**ACTIVITY:**
All lines from the one bearing "red crescent moon" through the end of the data below must be printed exactly as they stand, with pictures removed.

**DATASET SECTION:**
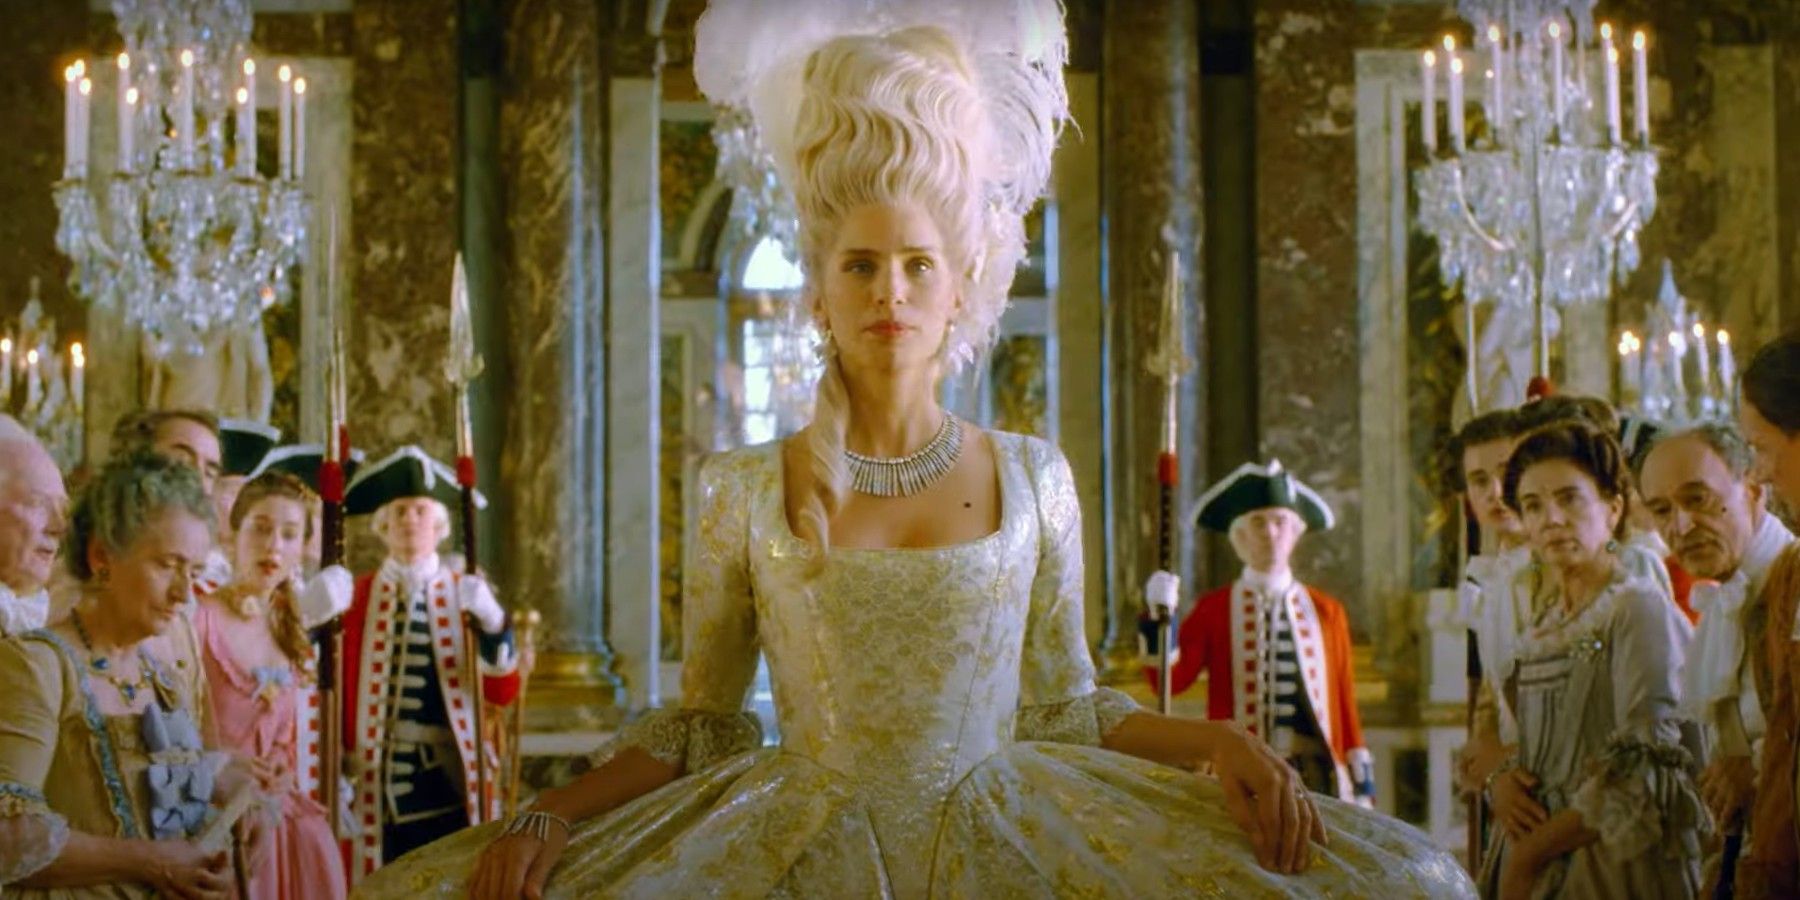 Maiwenn walking the French hall in a period costume in Jeanne du Barry
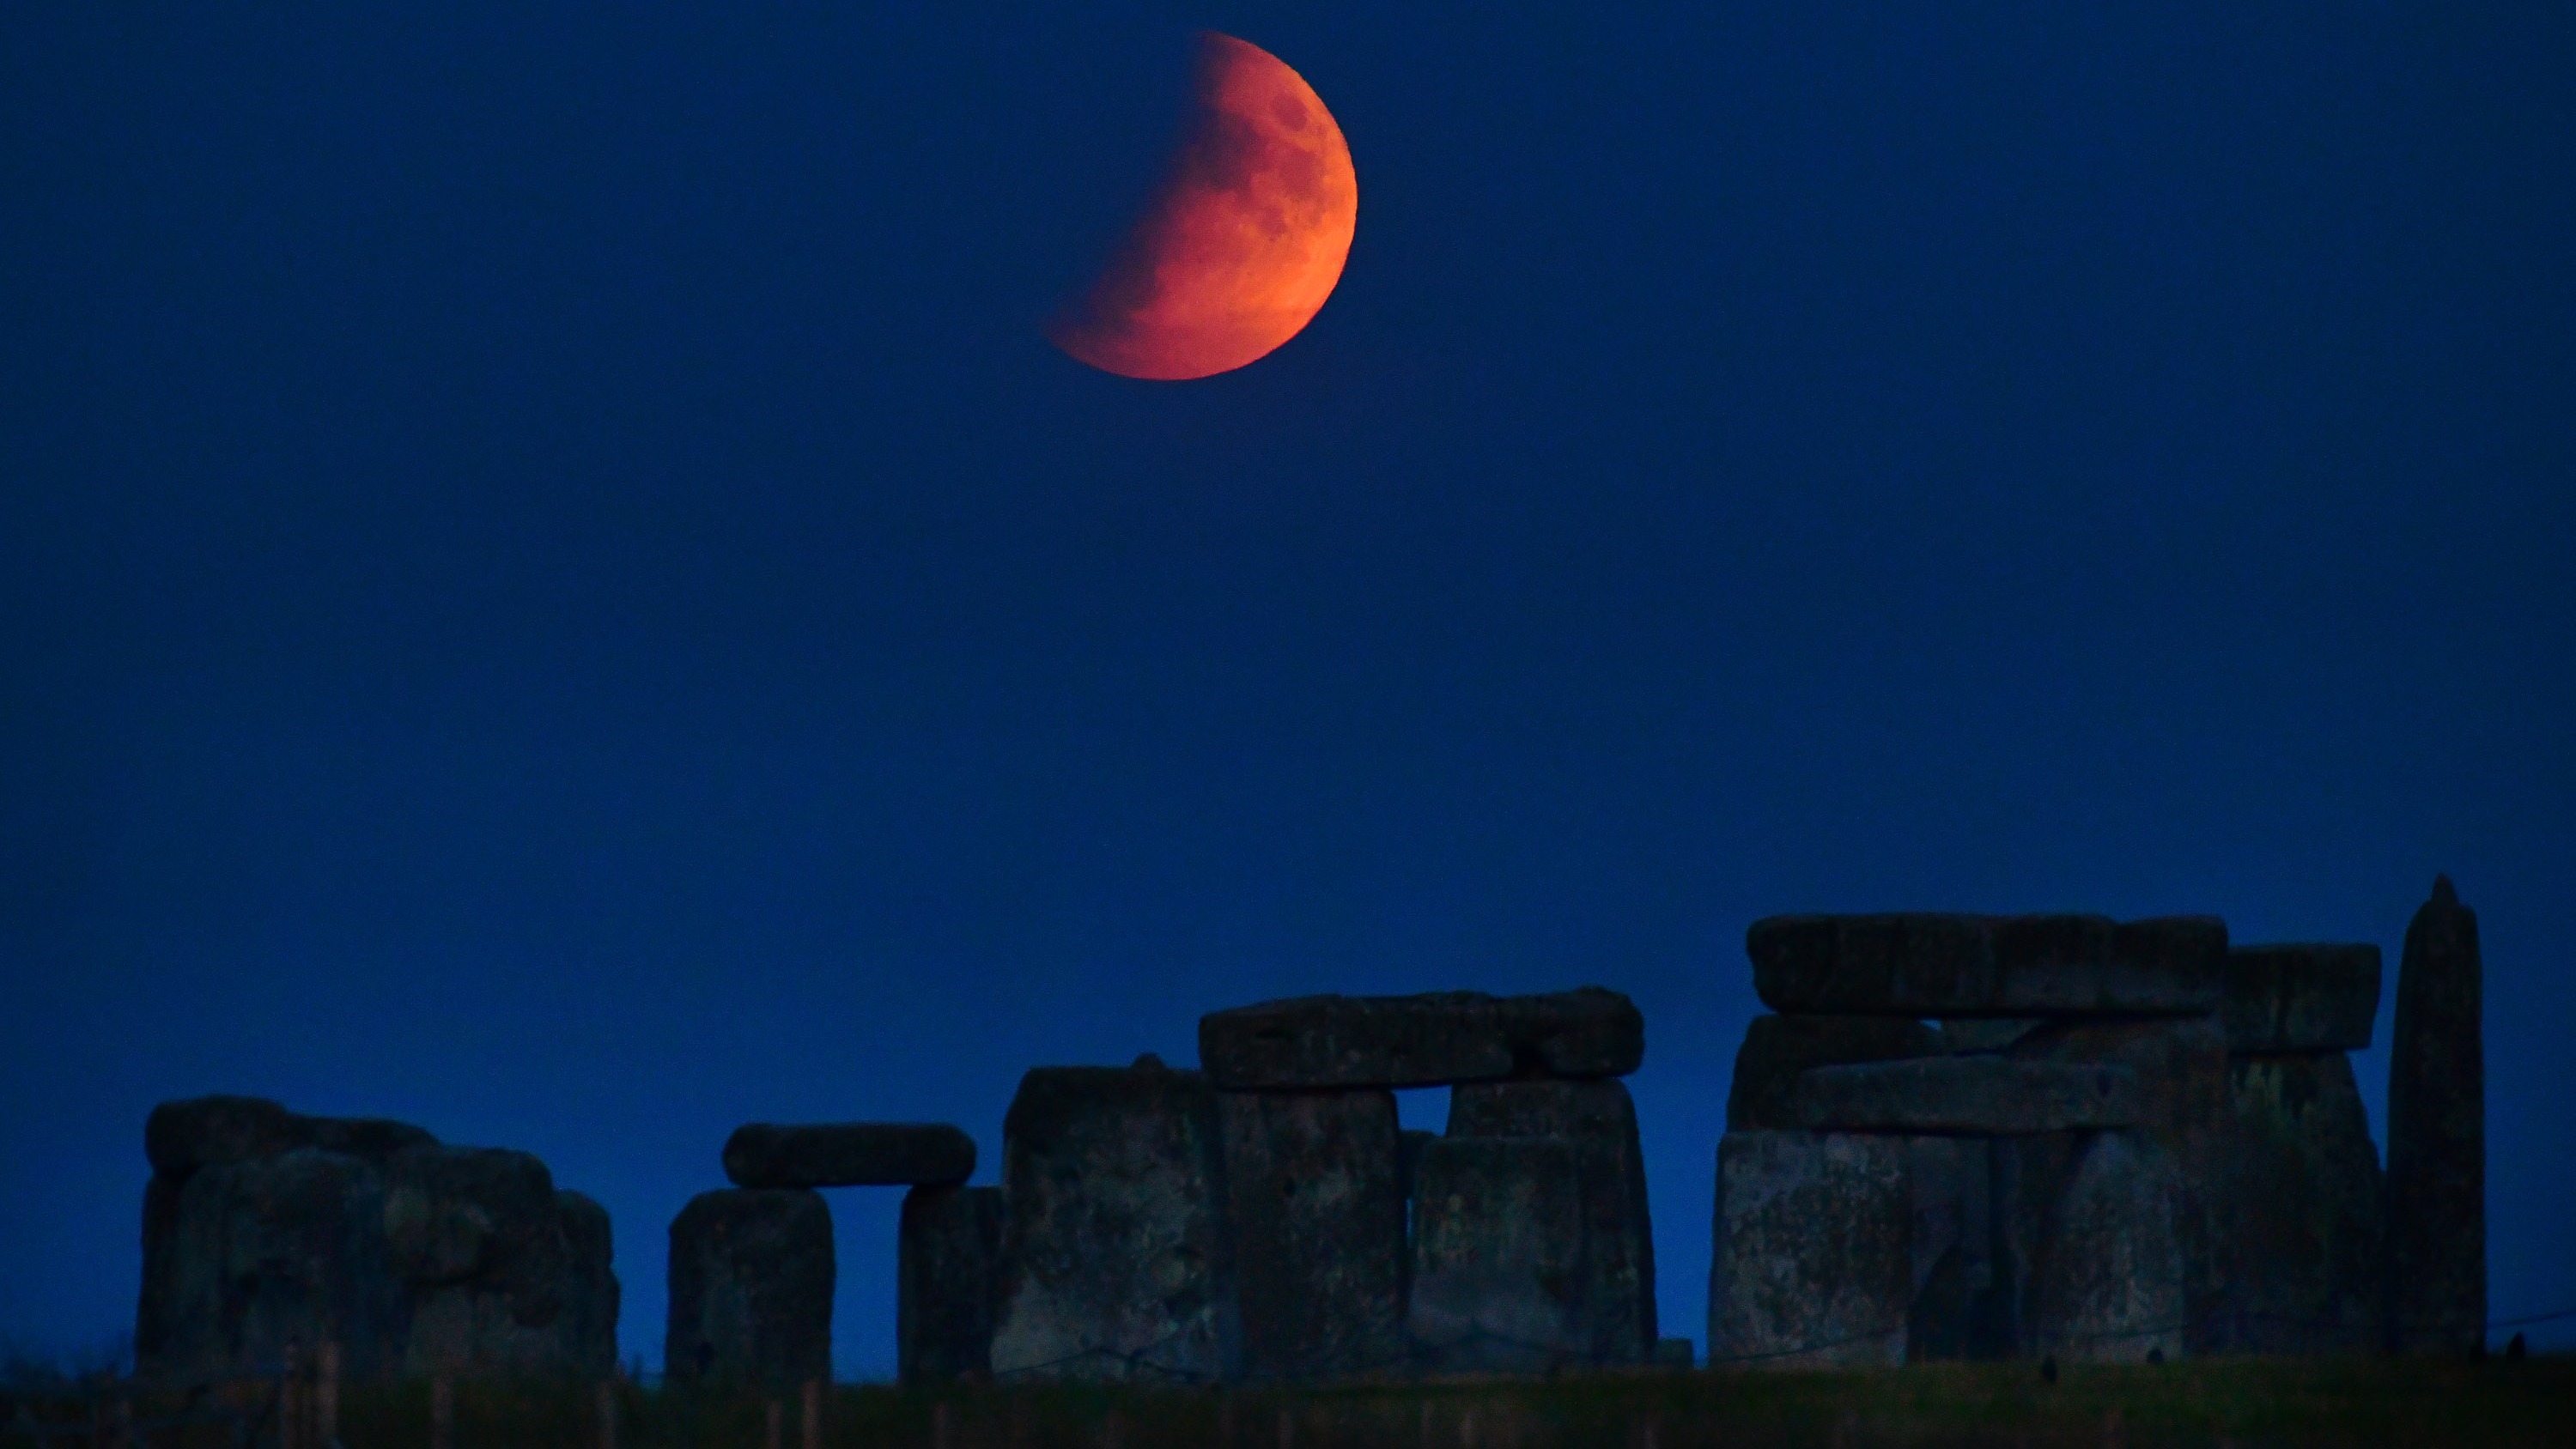 red crescent moon rises over stones of stonehenge barely visible in deep shadow.  the sky is dark blue
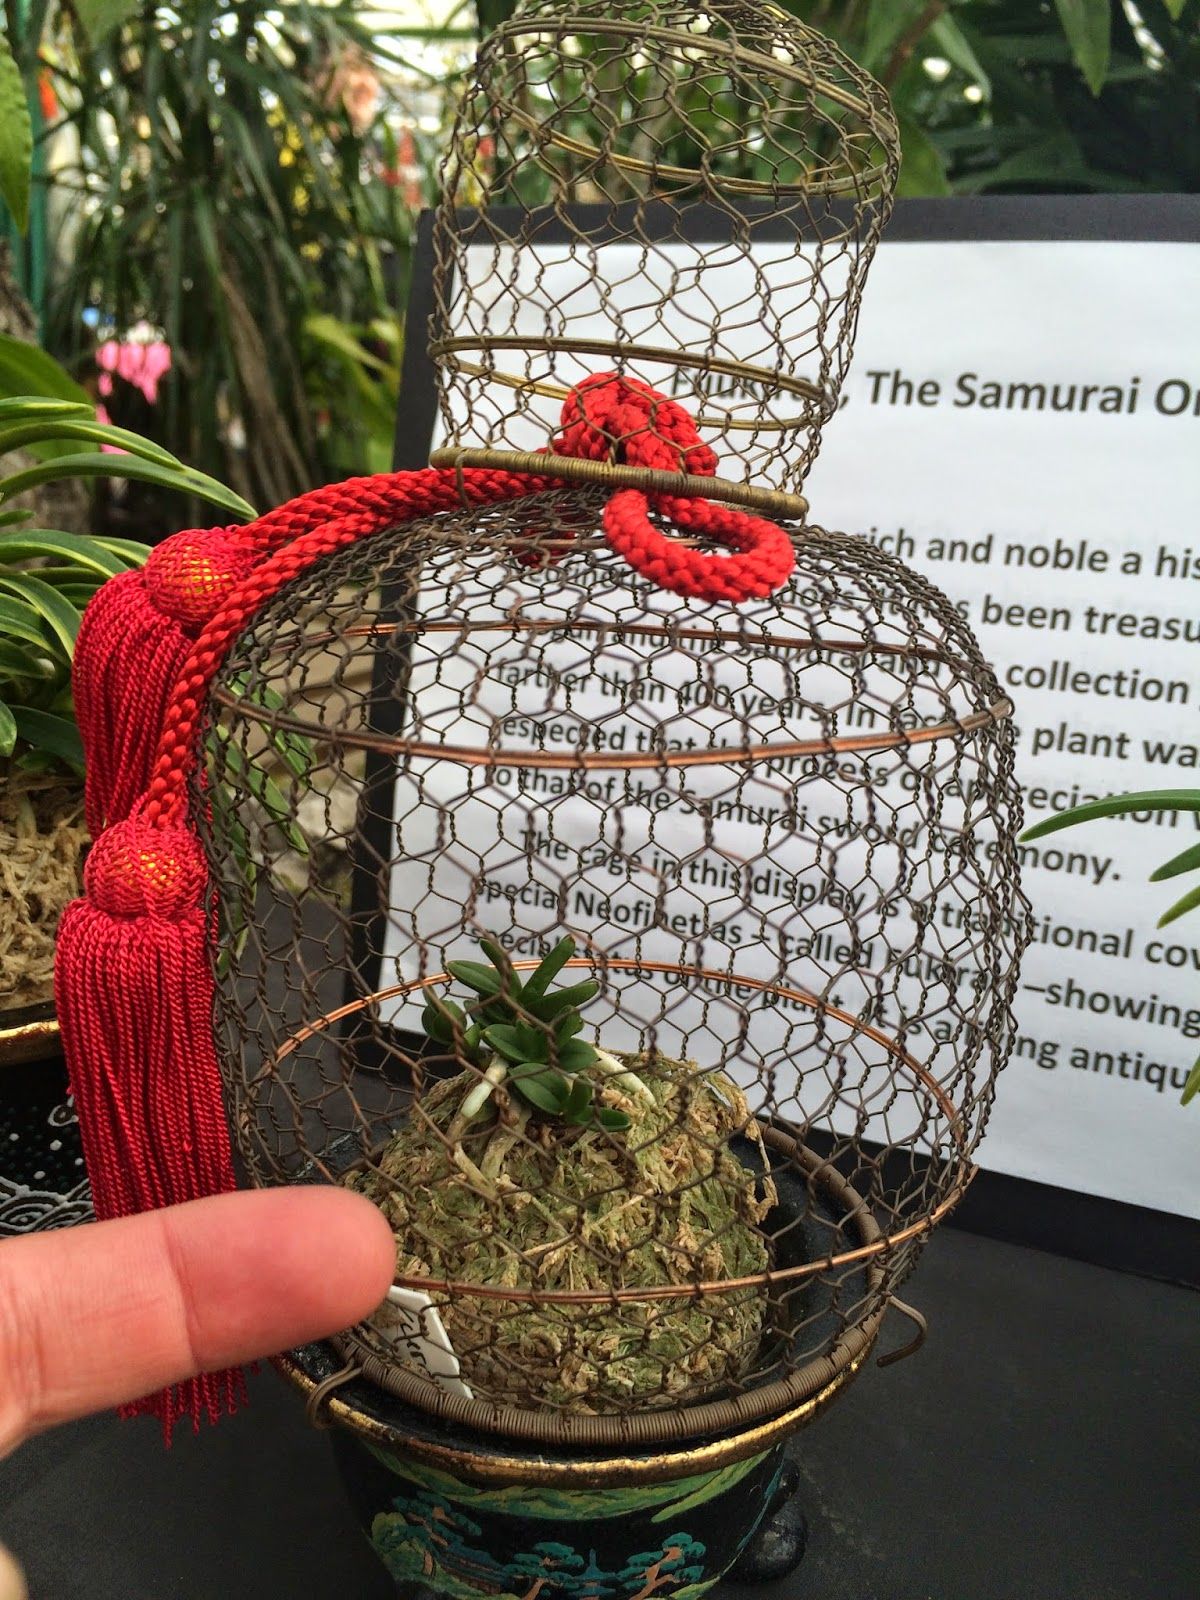 A photo of a caged fūkiran by Shirley at Salisbury Greenhouse for the Worlds of Orchids event. September 2014. http://shirley-agardenerslife.blogspot.com/2014/09/worlds-of-orchids.html

**REPLY:**
 red crescent moon rises over stones of stonehenge barely visible in deep shadow.  the sky is dark blue
 A photo of a caged fūkiran by Shirley at Salisbury Greenhouse for the Worlds of Orchids event. September 2014. http://shirley-agardenerslife.blogspot.com/2014/09/worlds-of-orchids.html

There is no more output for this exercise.